The excuse is that the employees "felt swamped by the amount of work." Too bad. Join the world. Choose another option. Report the problem to the supervisor. Let the stuff pile up. Then the executives hauling in salaries in the upper six and seven digit range can hire a few more people. Good for the economy, too.

So I guess a lot of tax practitioners are going to be getting phone calls from at least some of the 80,000 taxpayers whose returnes disappeared. I really do hope they knew to send the returns by certified mail, return receipt requested, that they kept the return card from the postal service, and that they have a copy of their return.

Tuesday, March 22, 2005

Speaking of Gasoline 

On the heels of yesterday's post about gasoline prices and the environment comes news that the Senate has approved H.R. 1270, which extends the financing rate for the Leaking Underground Storage Tank Trust Fund from April 1, 2005 until October 1, 2005. The House had passed the measure by a 431 to 1 vote, and so now the bill goes to the White House for an expected signature.
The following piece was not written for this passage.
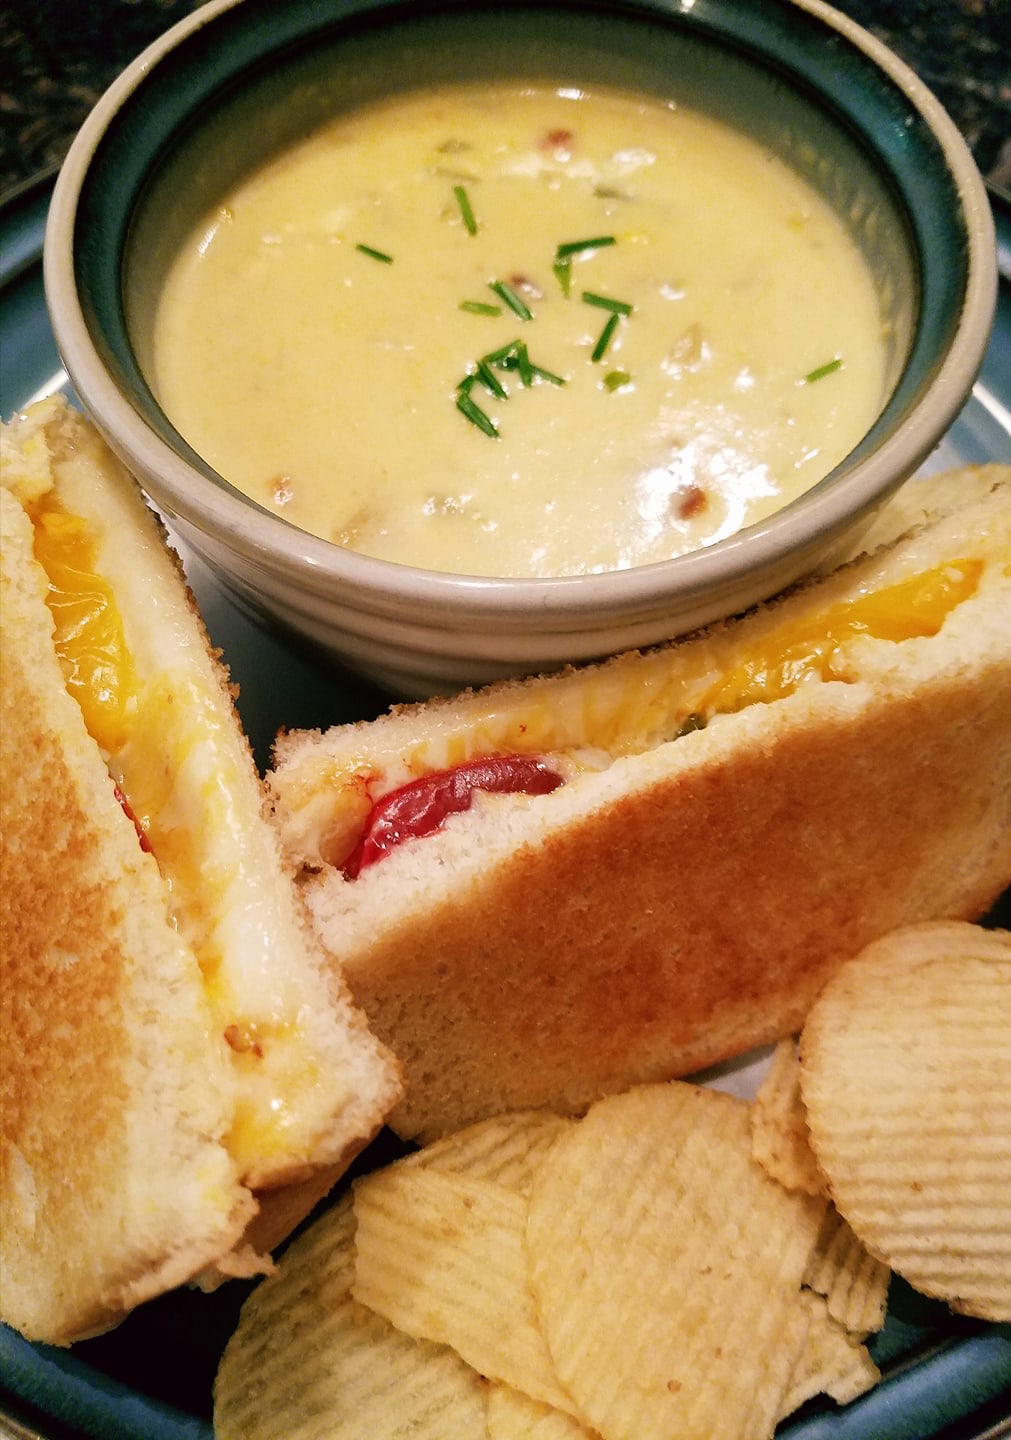 Grilled Cheese with Heirloom Tomatoes and Jalapeno Corn Chowder
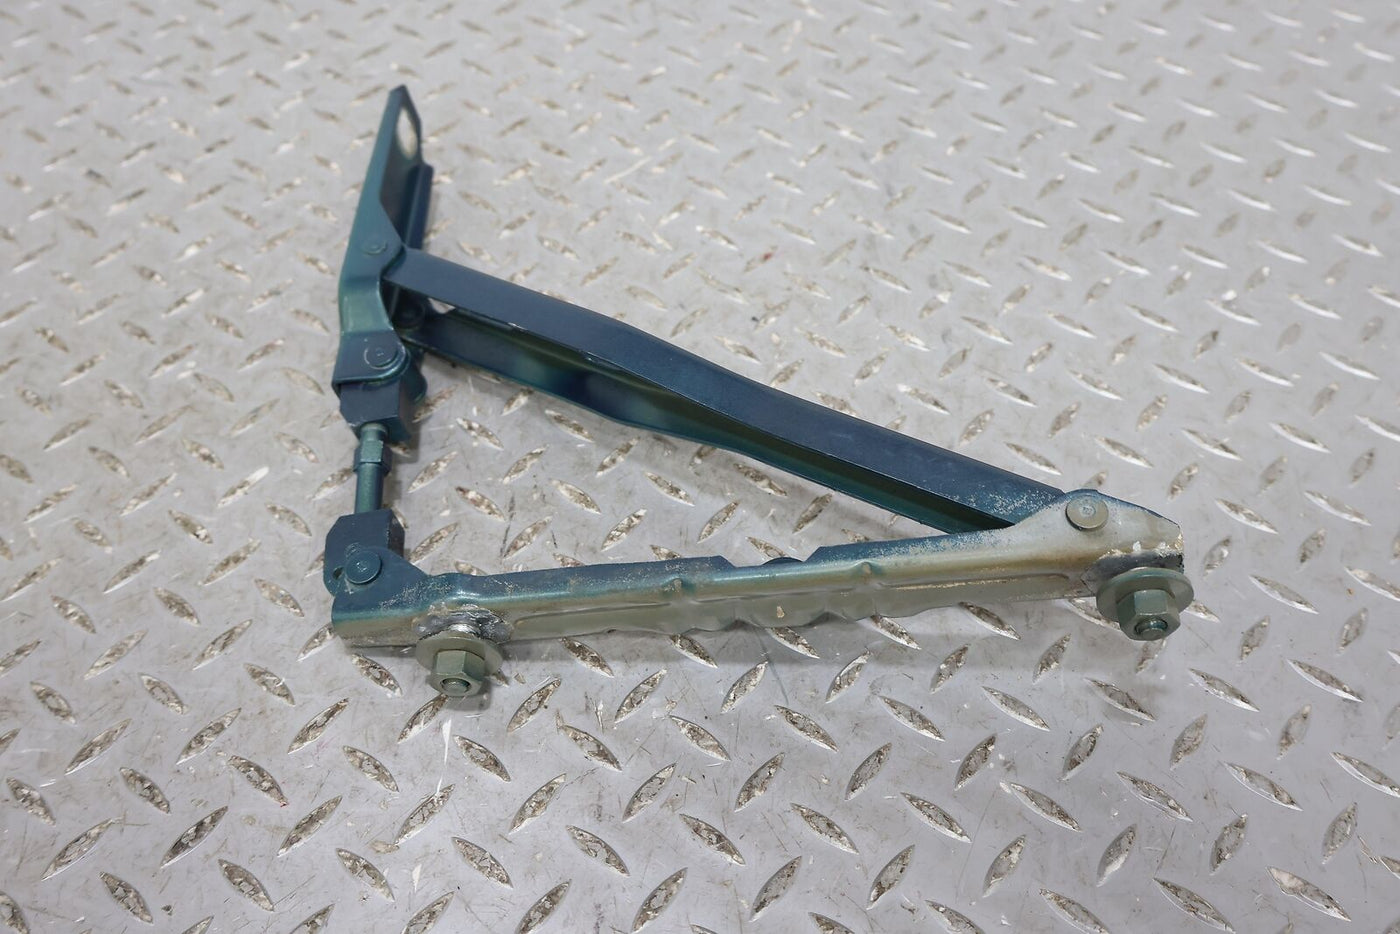 95-99 Buick Riviera Pair Left&Right Trunk Deck Lid Hinges Set of 2 (Light Green)

This fund assists states and the EPA pay the expenses of cleaning up environmental damage caused by underground oil and gasoline tanks that leak. A leak from an underground tank pollutes the groundwater, and sometimes the leaking product can travel miles underground. Messy stuff.

The fund is financed with a tax under section 4041(d). It's the Leaking Underground Storage Tank tax. And, as tax practitioners aren't ones to shy from acronyms, this one does take the prize. It's the LUST tax.

Explain that to your friends visiting from abroad.